Meeks on Monday tweeted his support for the Biden administration’s strategy to pursue diplomacy with Russia to urge Moscow to withdraw the more than 100,000 troops the United States and its allies say pose a security threat. from Ukraine.

At the same time, the administration has increased the supply of defensive military assistance to Kyiv and is preparing troops to reinforce the allied armies in the countries of the North Atlantic Treaty Organization (NATO) which are in the first line of tension between Russia and Ukraine.

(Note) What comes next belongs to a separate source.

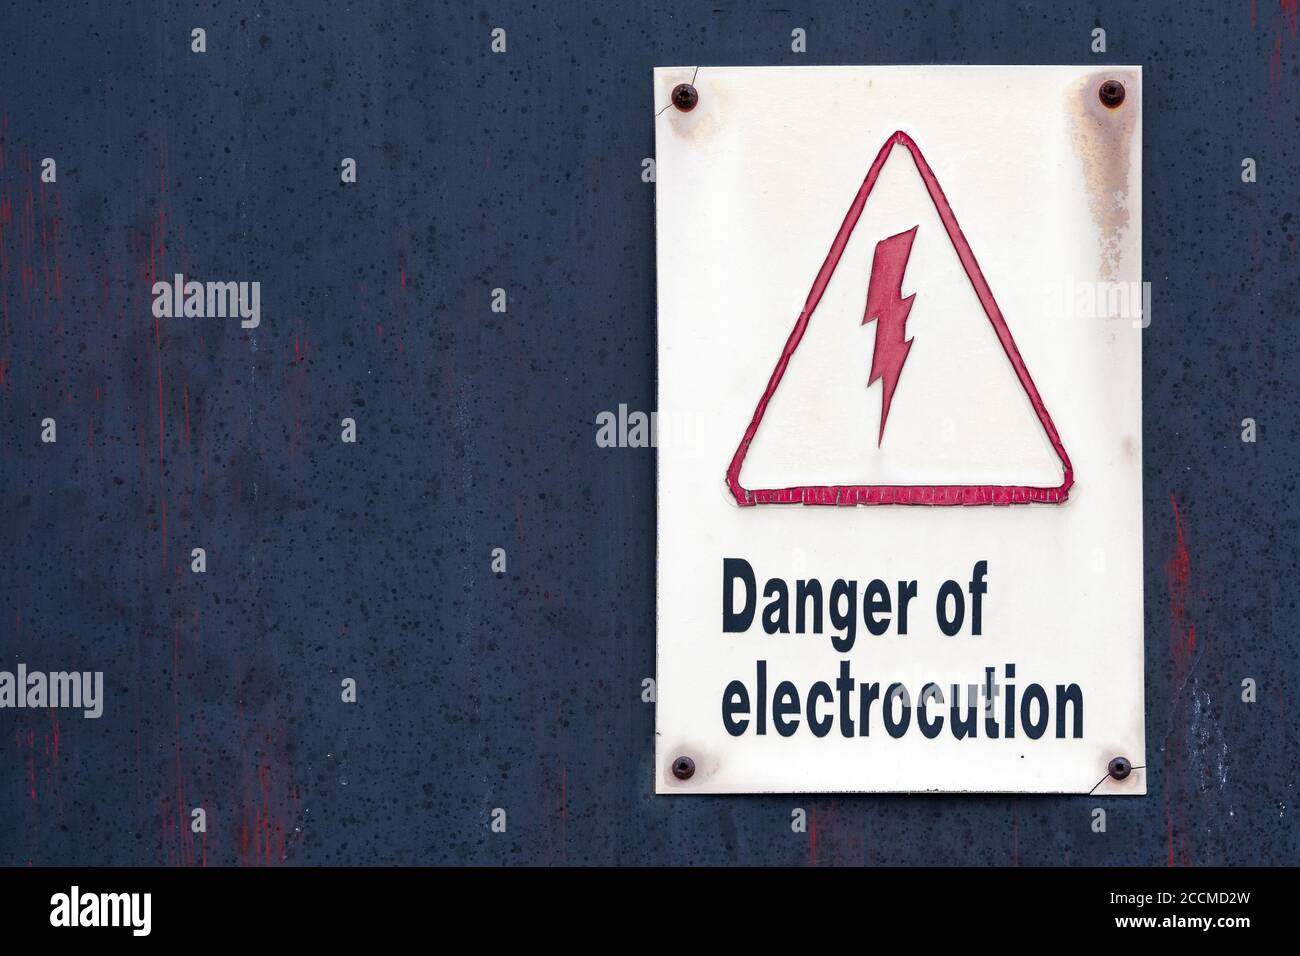 A sign that reads 'Danger of electrocution'. The sign is old and faded. It is on the front of an old black metal door. Stock Photo

“I strongly support the diplomatic path traced by the [the Biden administration] in an attempt to bring down the temperature on the Russian-Ukrainian border. Russia maintains military threat directly targeting Kiev [and] our NATO allies is not a peaceful negotiation tactic,” the president tweeted.

“The additional troop deployments contemplated by the President would send a strong signal of support to our allies and deterrence to Moscow. Such deployment would, of course, be a matter of deterrence, not war, which would require authorization from Congress.

house tenant Nancy PelosiNancy PelosiSenators rally on Russia sanctions as tensions escalate Schumer calls for Senate briefing on Ukraine amid tensions with Russia Biden rushes to pressure Russia as Russia fears Ukraine intensify MORE asked the administration on Monday to brief all members of Congress on the dangerous situation surrounding Ukraine.

Secretary of State Antoine BlinkenAntony BlinkenBiden rushes to pressure Russia as Ukraine fears escalate visited Kiev on January 19, as the bipartisan group of senators departed, and announced the delivery of $200 million in additional US aid for defensive equipment for Ukraine. The secretary then traveled to Berlin to meet with European allies, then met with the Russian foreign minister in Geneva in a bid to defuse tensions along the Ukrainian border.

The State Department official highlighted his coordination with the bipartisan Senate delegation that visited Ukraine last week, with Blinken briefing participating senators before they departed for Kyiv.

“Last week there was a CODEL Senate [congressional delegation] in Ukraine we were very excited about it, the secretary briefed these members individually before they left,” the official said.

“We’re hoping to see more, again because this is a particularly sensitive time in this region, and we know Congress is very interested, and frankly, we’re counting on Congress to stick with us on messaging and s ensure they have what they need in this regard.

The House Congressional delegation comes as the State Department takes heightened security precautions in response to concerns that Russia could launch an invasion against Ukraine at any time.

The State Department on Sunday cleared the departure of some US government employees at the US Embassy in Kyiv and ordered the departure of all family members of embassy employees.

The State Department has also expanded its level four travel advisory for Ukraine, which advises against travel, to reflect the heightened threat of Russian military action. The travel advisory for Ukraine was already at level four due to COVID-19.

A senior State Department official told reporters at a Sunday briefing that the authorized departures and increased travel warnings mirrored earlier warnings from President BidenJoe Biden reporterFox News says Biden called him out after ‘son of a b—-‘ remark Peloton responds after another TV character had a heart attack on one of his Defense and National Security – Pentagon puts 8,500 soldiers on high alert MORE that Russian military action could occur at any time.

“The United States government will not be able to evacuate American citizens in such an event, so American citizens currently in Ukraine should plan accordingly, including availing themselves of business options if they choose to leave. the country,” the official said. .

“We continue to follow the path of diplomacy. But if Russia chooses further escalation, then security conditions, especially along Ukraine’s borders in Russian-occupied Crimea and Russian-controlled eastern Ukraine, are unpredictable and may deteriorate. deteriorate without notice.